### WHAT IS EXPECTED
Go through the listing below and repeat it exactly, dropping the pictures.

*** PROVIDED DATA

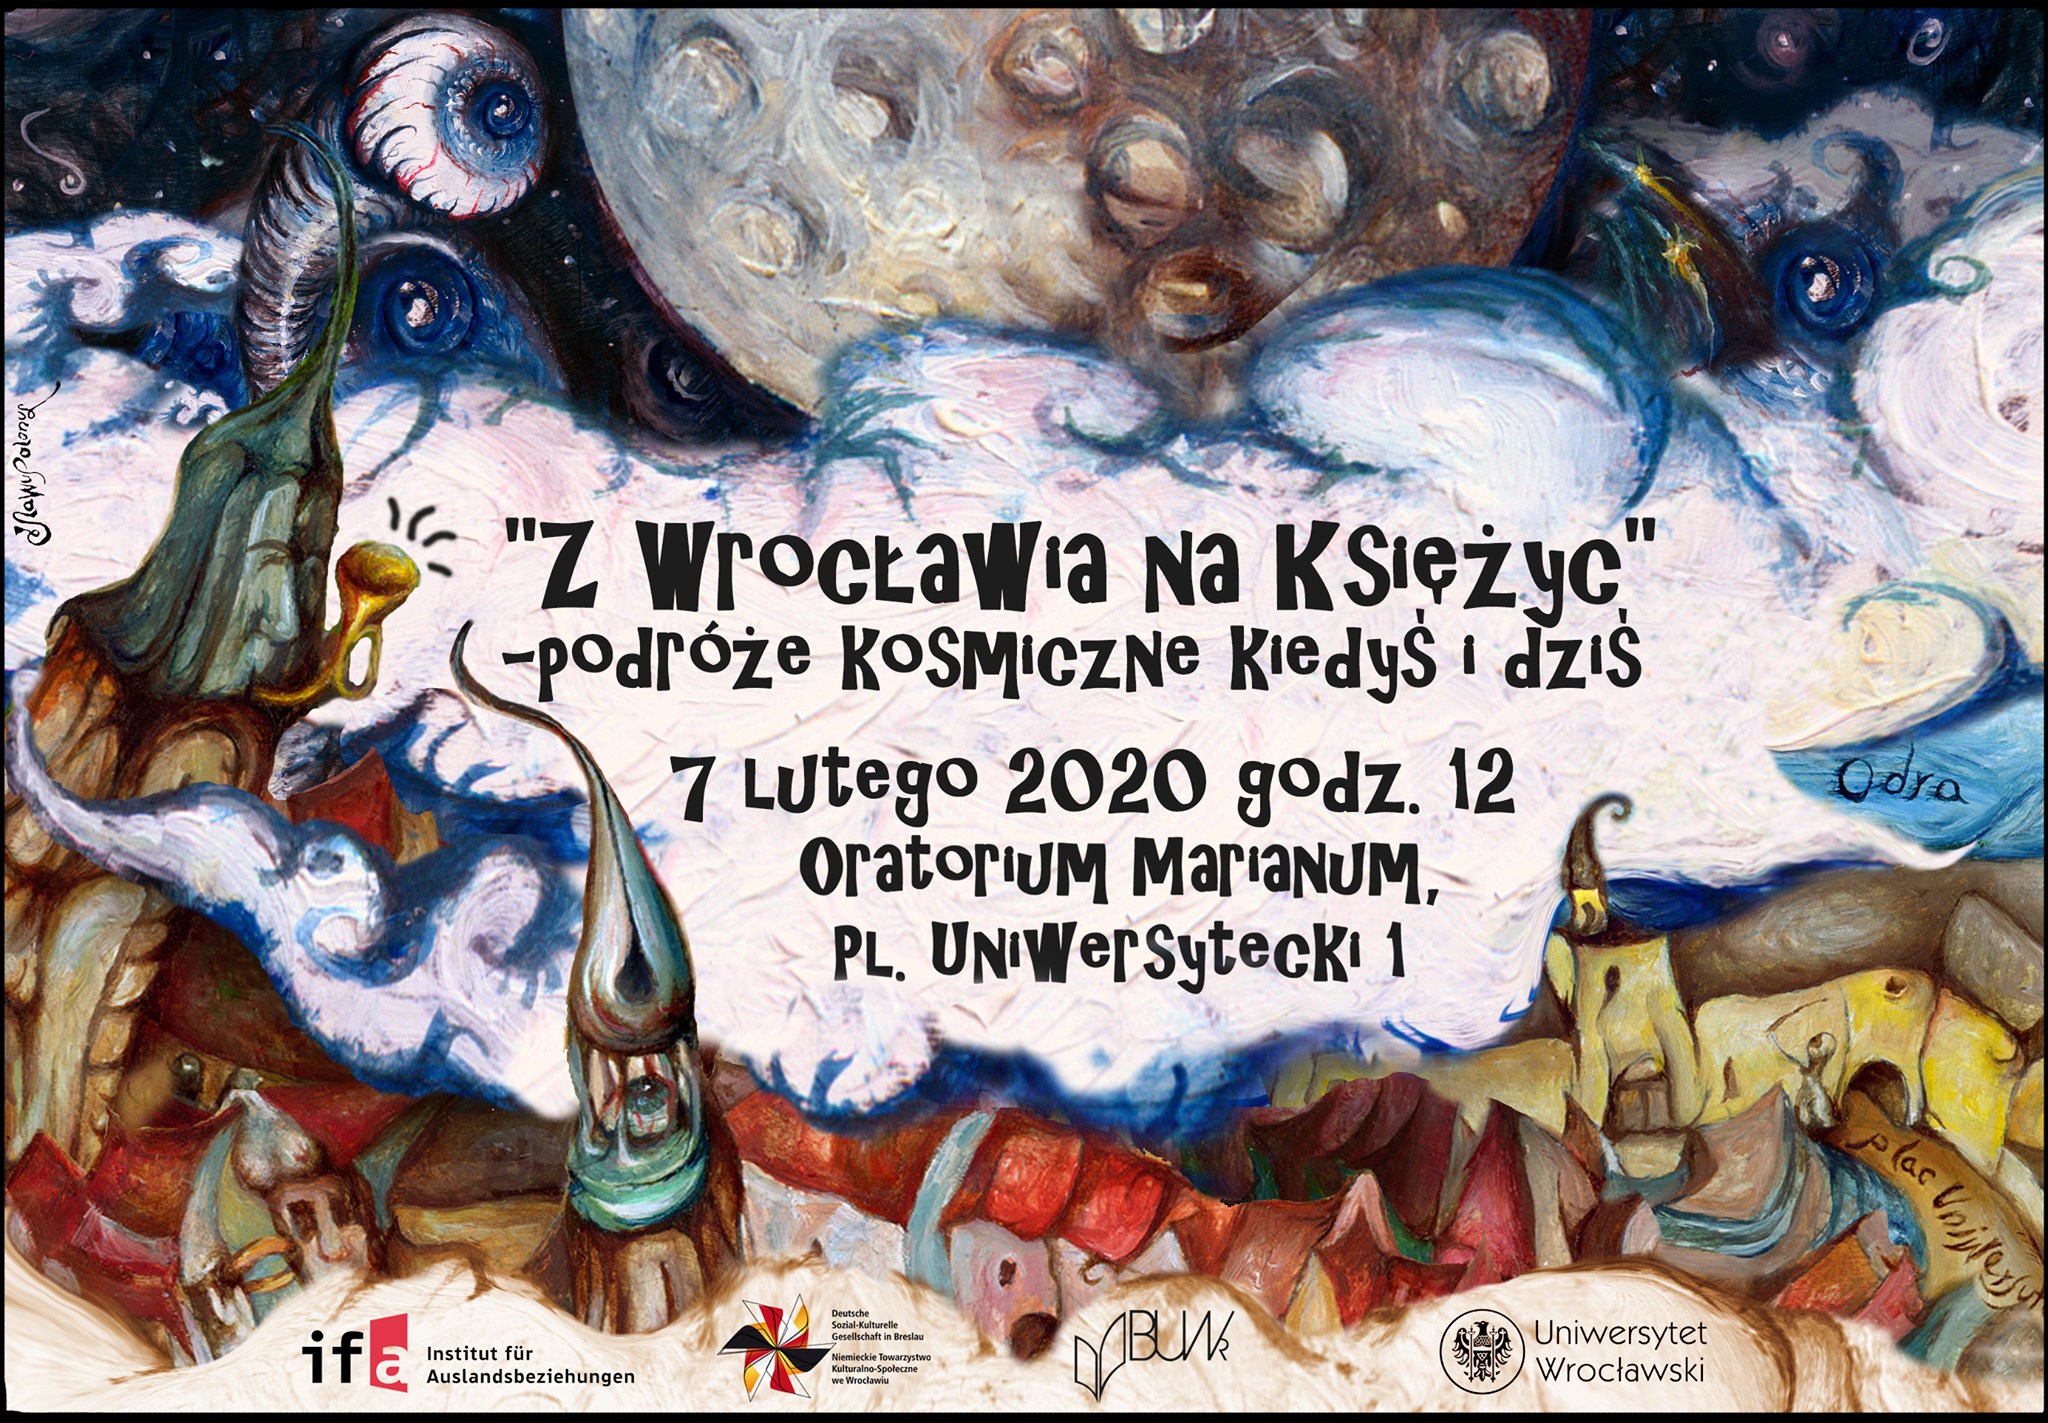 Z Wrocławia na Księżyc @ Oratorium Marianum
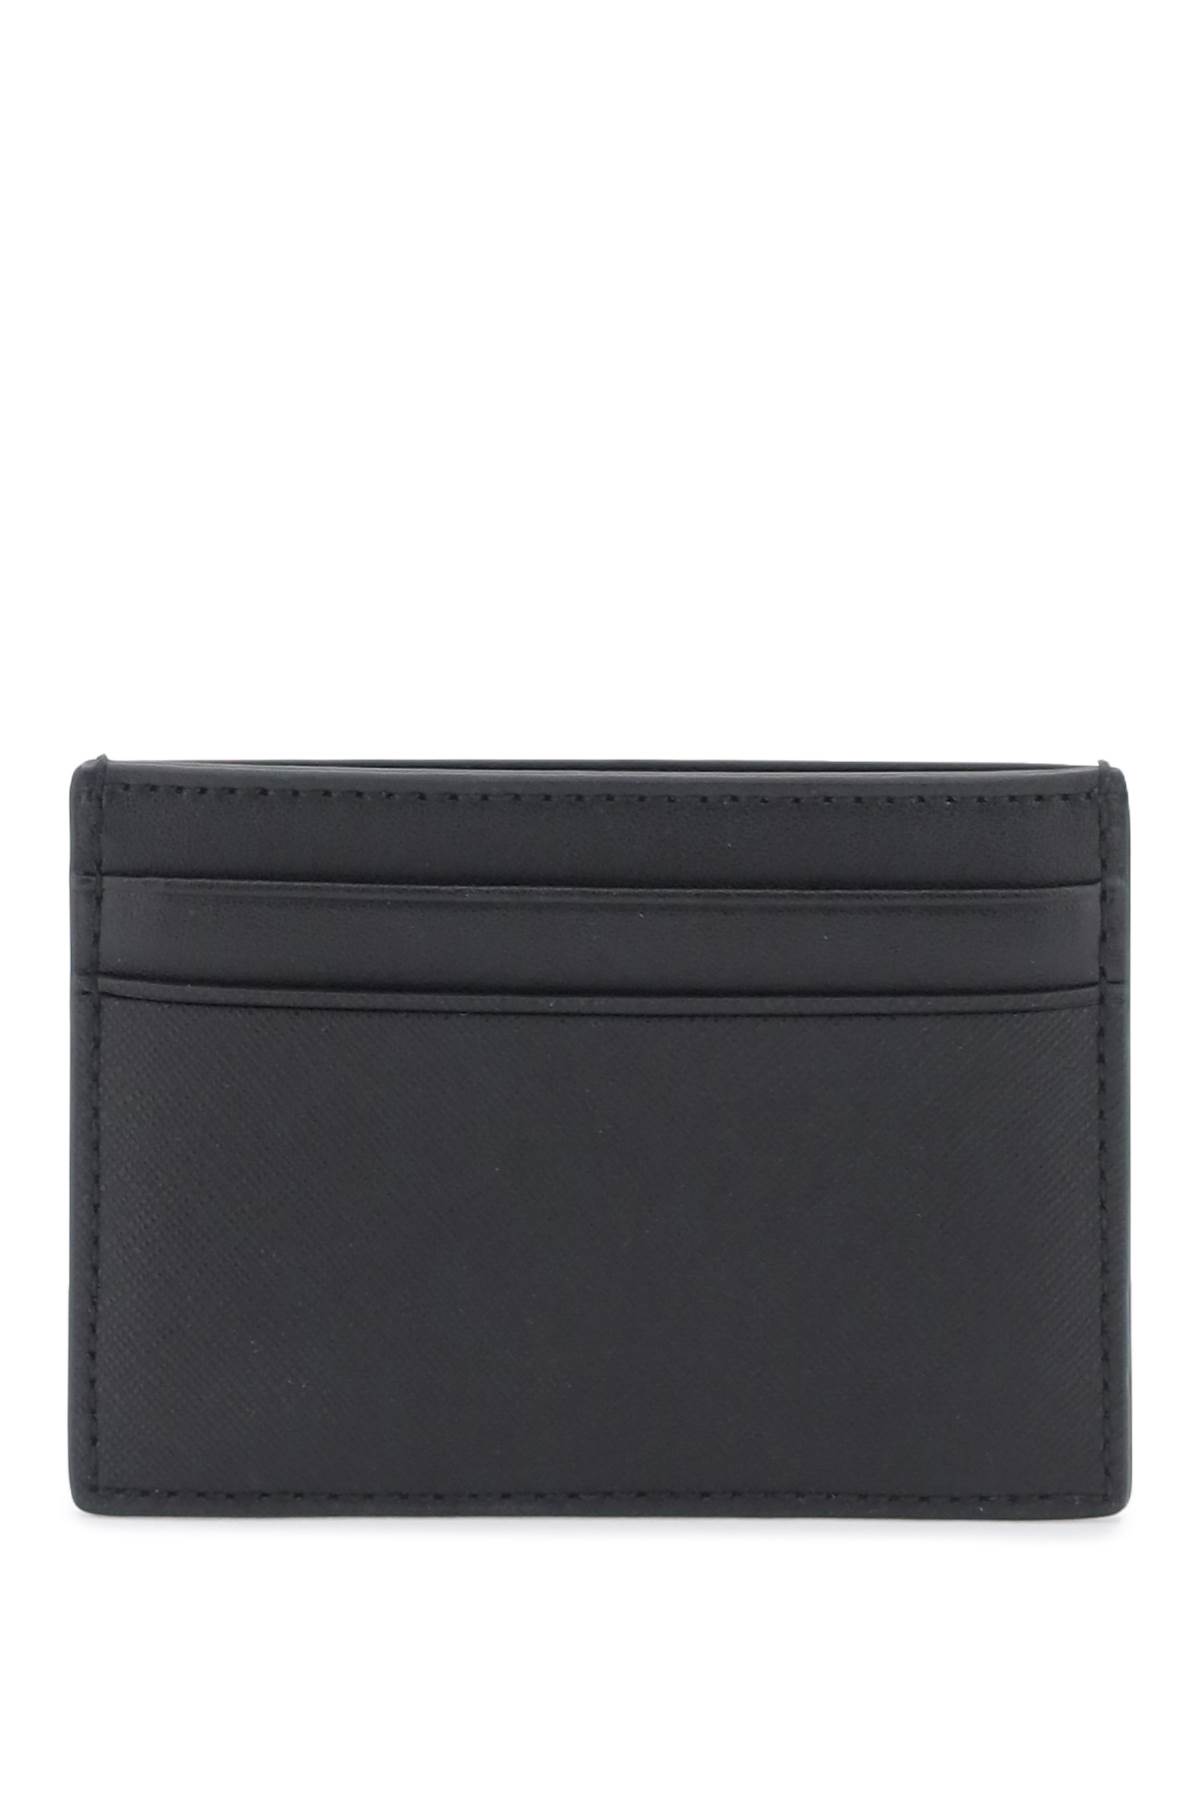 Shop Bally Leather Bhar Cardholder In Black (black)
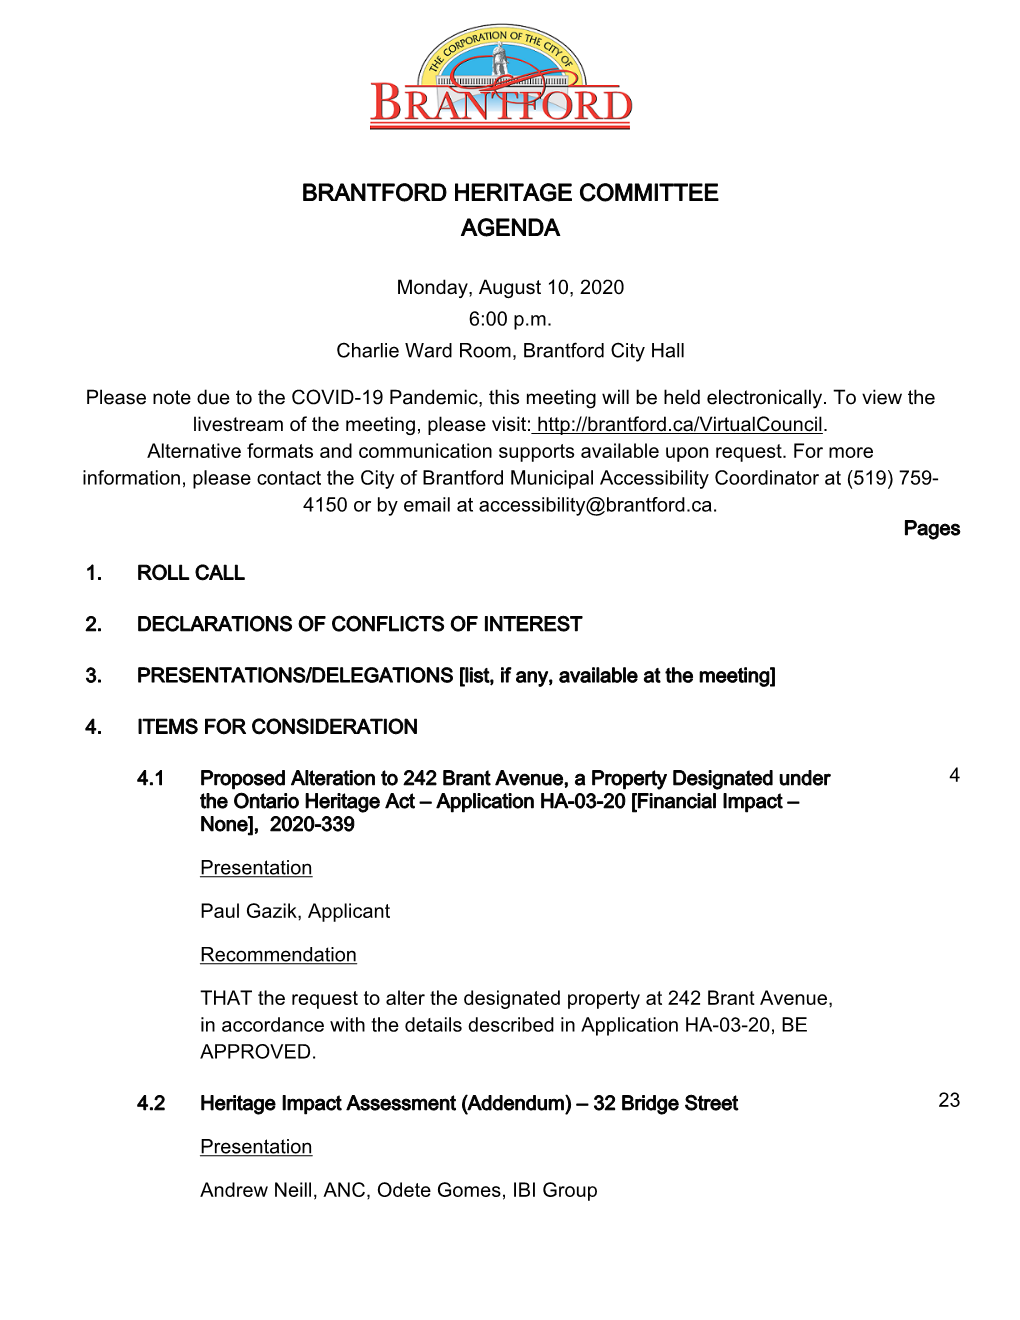 Brantford Heritage Committee Agenda Package
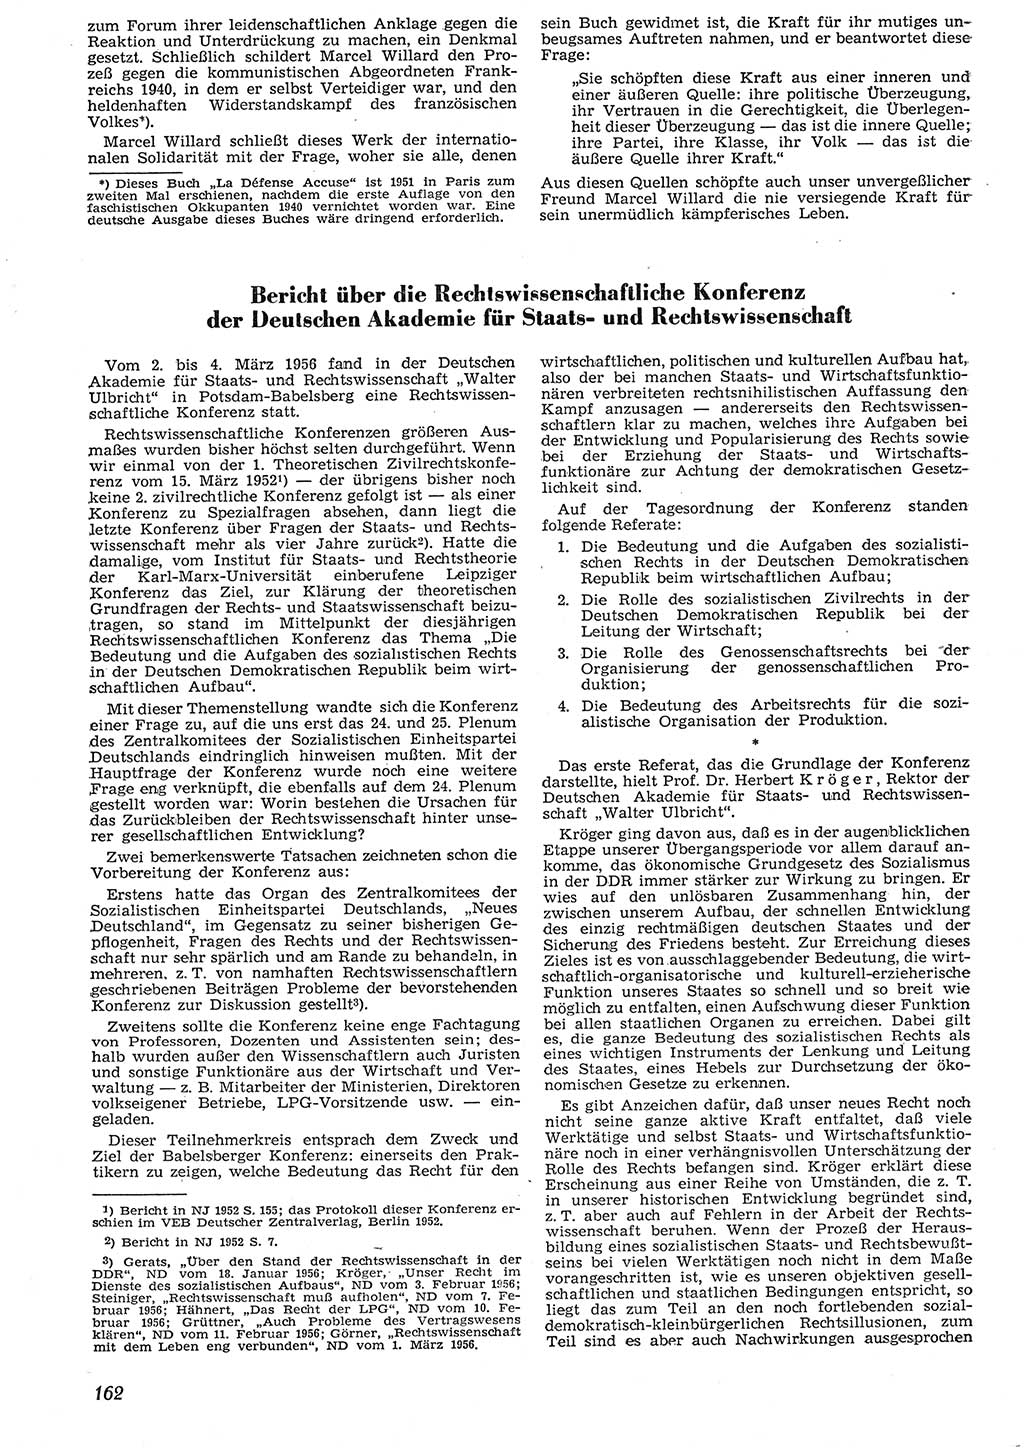 Neue Justiz (NJ), Zeitschrift für Recht und Rechtswissenschaft [Deutsche Demokratische Republik (DDR)], 10. Jahrgang 1956, Seite 162 (NJ DDR 1956, S. 162)

******

### REPLY TO THE EXERCISE
 Z Wrocławia na Księżyc @ Oratorium Marianum
 Shop Bally Leather Bhar Cardholder In Black (black)
 Brantford Heritage Committee Agenda Package
 Neue Justiz (NJ), Zeitschrift für Recht und Rechtswissenschaft [Deutsche Demokratische Republik (DDR)], 10. Jahrgang 1956, Seite 162 (NJ DDR 1956, S. 162)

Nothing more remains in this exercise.